In [None]:
import numpy as np
import pandas as pd
import matplotlib.pyplot as plt
import seaborn as sns
from sklearn.model_selection import train_test_split
from sklearn.linear_model import LogisticRegression
from sklearn.metrics import confusion_matrix, classification_report
from sklearn.metrics import recall_score, precision_score
from sklearn.ensemble import RandomForestClassifier
from sklearn.model_selection import cross_val_score
%pip install --upgrade scikit-learn imbalanced-learn
from imblearn.over_sampling import SMOTE

### Import Data

In [None]:
df = pd.read_csv("stroke_data.csv",sep=",",index_col="id")

In [None]:
df.head(10)

In [None]:
df.tail(10)

### EDA

#### Overview

In [None]:
df.shape

In [None]:
df.describe()

In [None]:
for col in df.columns:
    print(f"\n=== {col} ===")
    print(df[col].value_counts(dropna=False))

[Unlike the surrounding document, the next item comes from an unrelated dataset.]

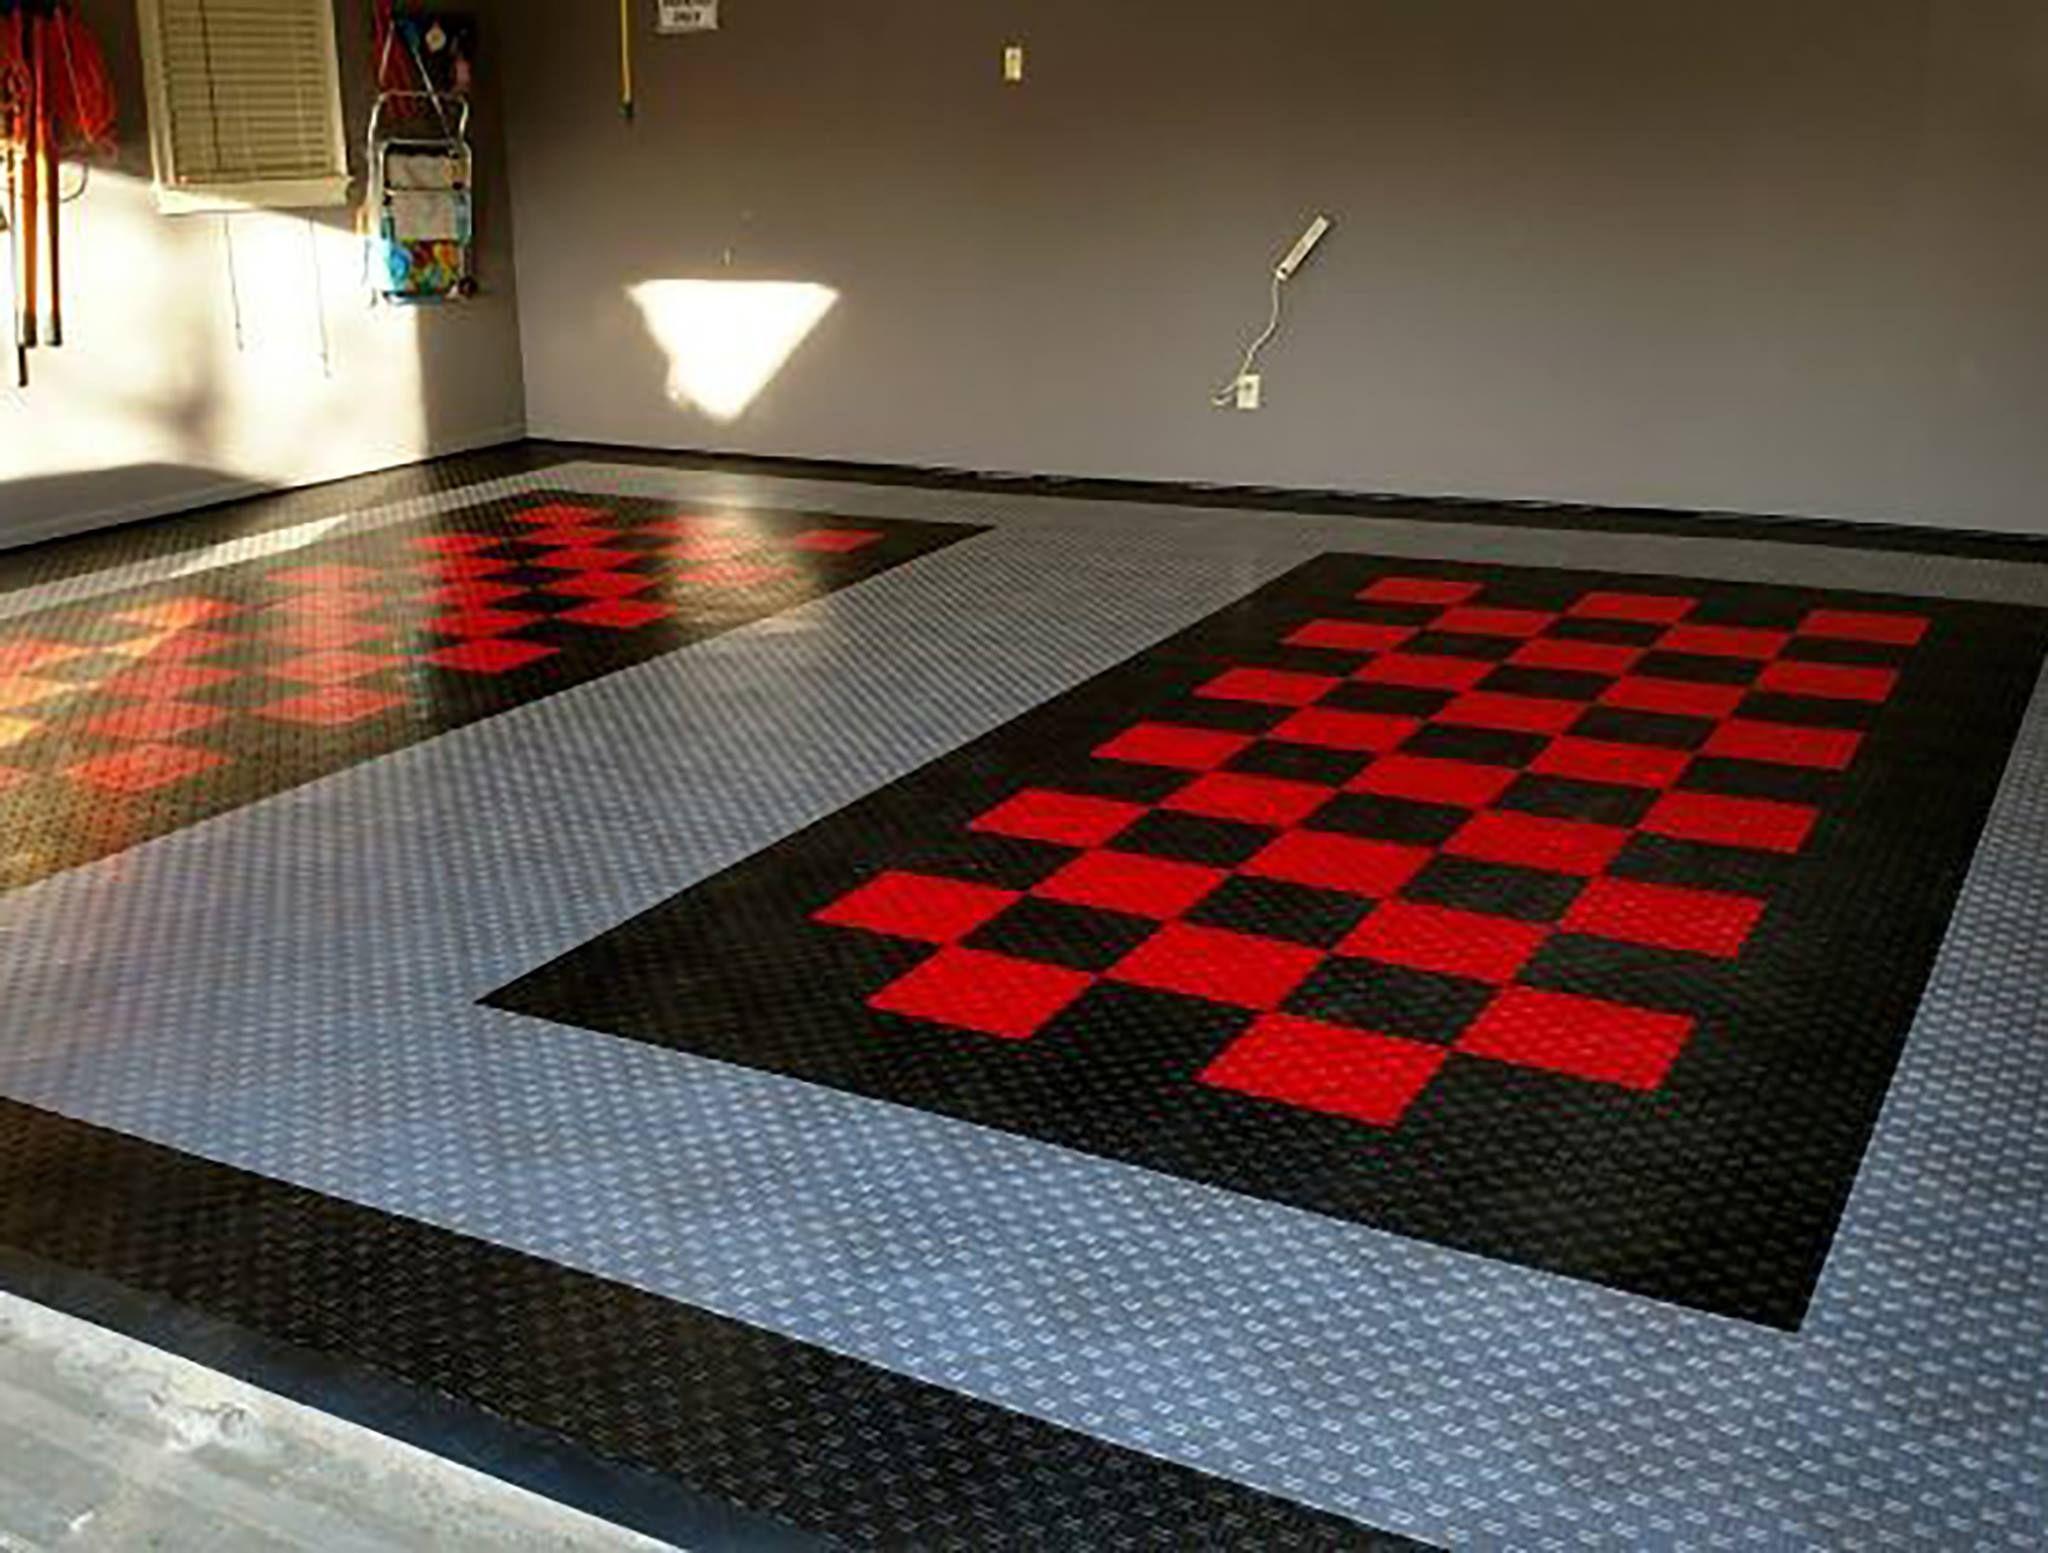 Garage Floor Tiles American Made Truelock Hd Racedeck Tile In 2020 Garage Floor Tiles Tile Floor Flooring
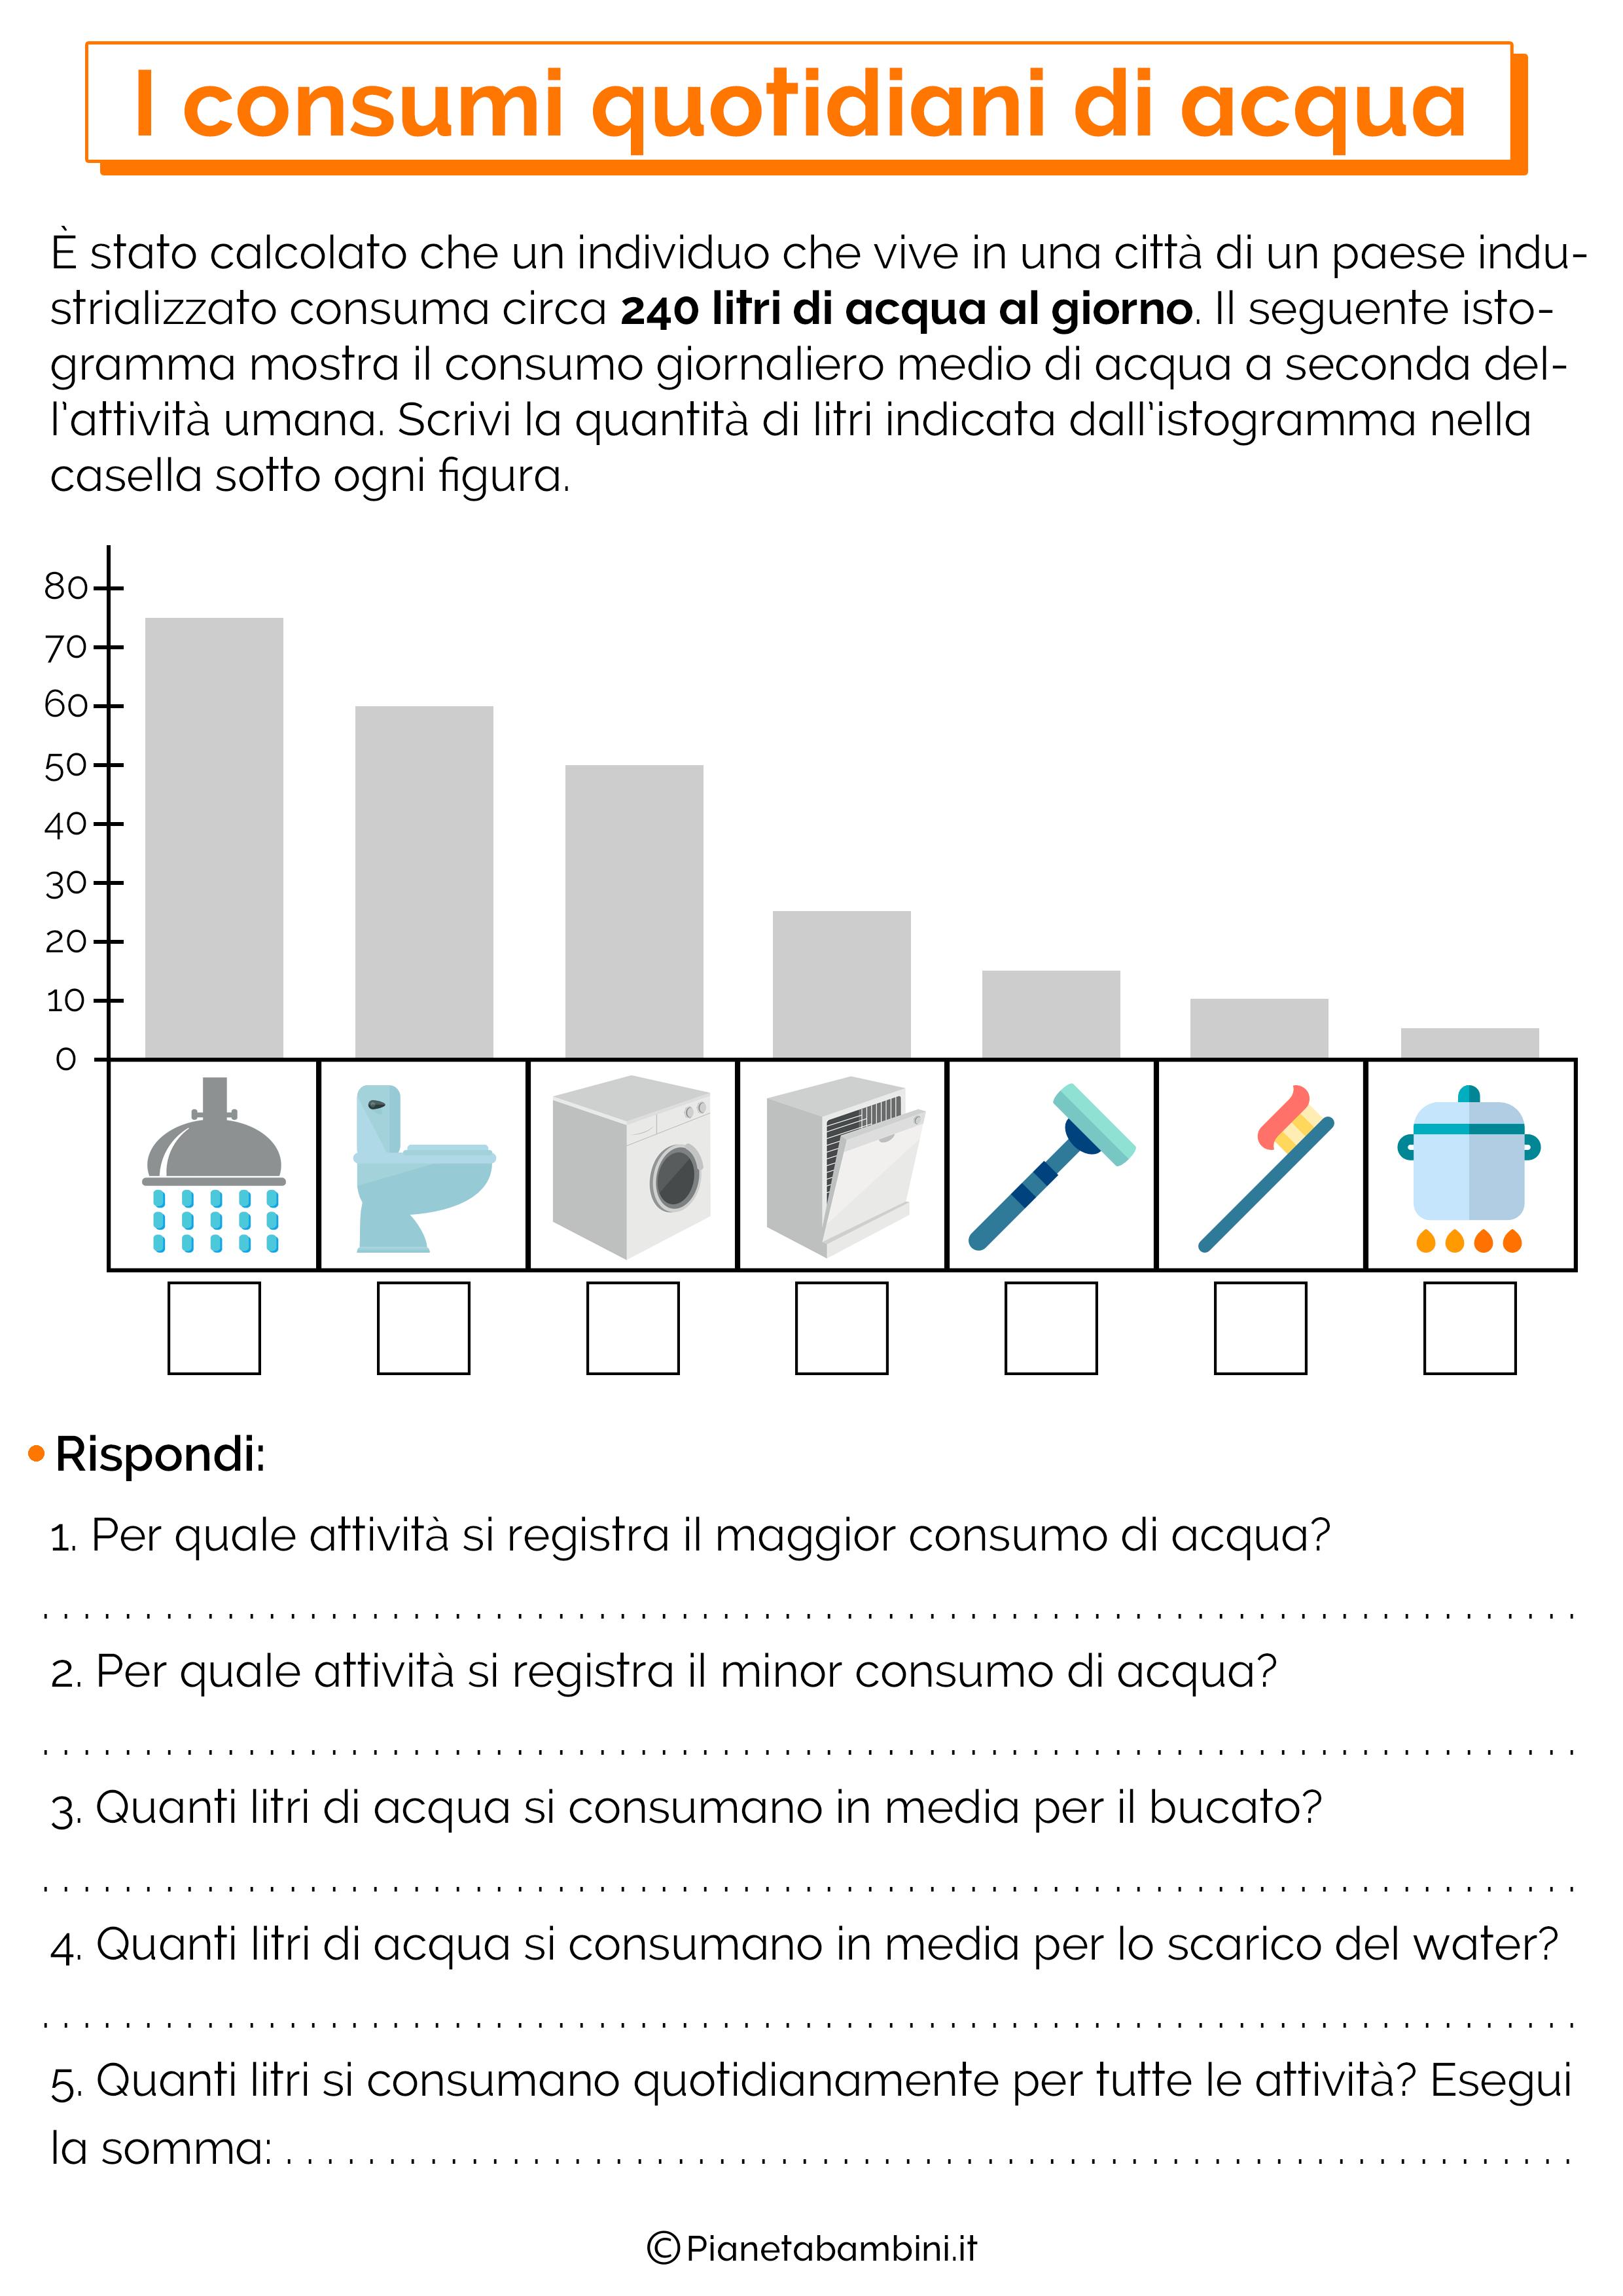 Molto L'Acqua: Schede Didattiche per la Scuola Primaria | PianetaBambini.it VO89

#### Check for missing values

In [None]:
df.isnull().sum()

#### Plots by Feature

##### Gender

In [None]:
sns.countplot(x='gender', hue='stroke', data=df)
plt.title('Gender vs Stroke')


##### Age

In [None]:
sns.boxplot(x='stroke', y='age', data=df)
plt.title('Age by Stroke')

##### Hypertension

In [None]:
sns.countplot(x='hypertension', hue='stroke', data=df)
plt.title('Hypertension vs Stroke')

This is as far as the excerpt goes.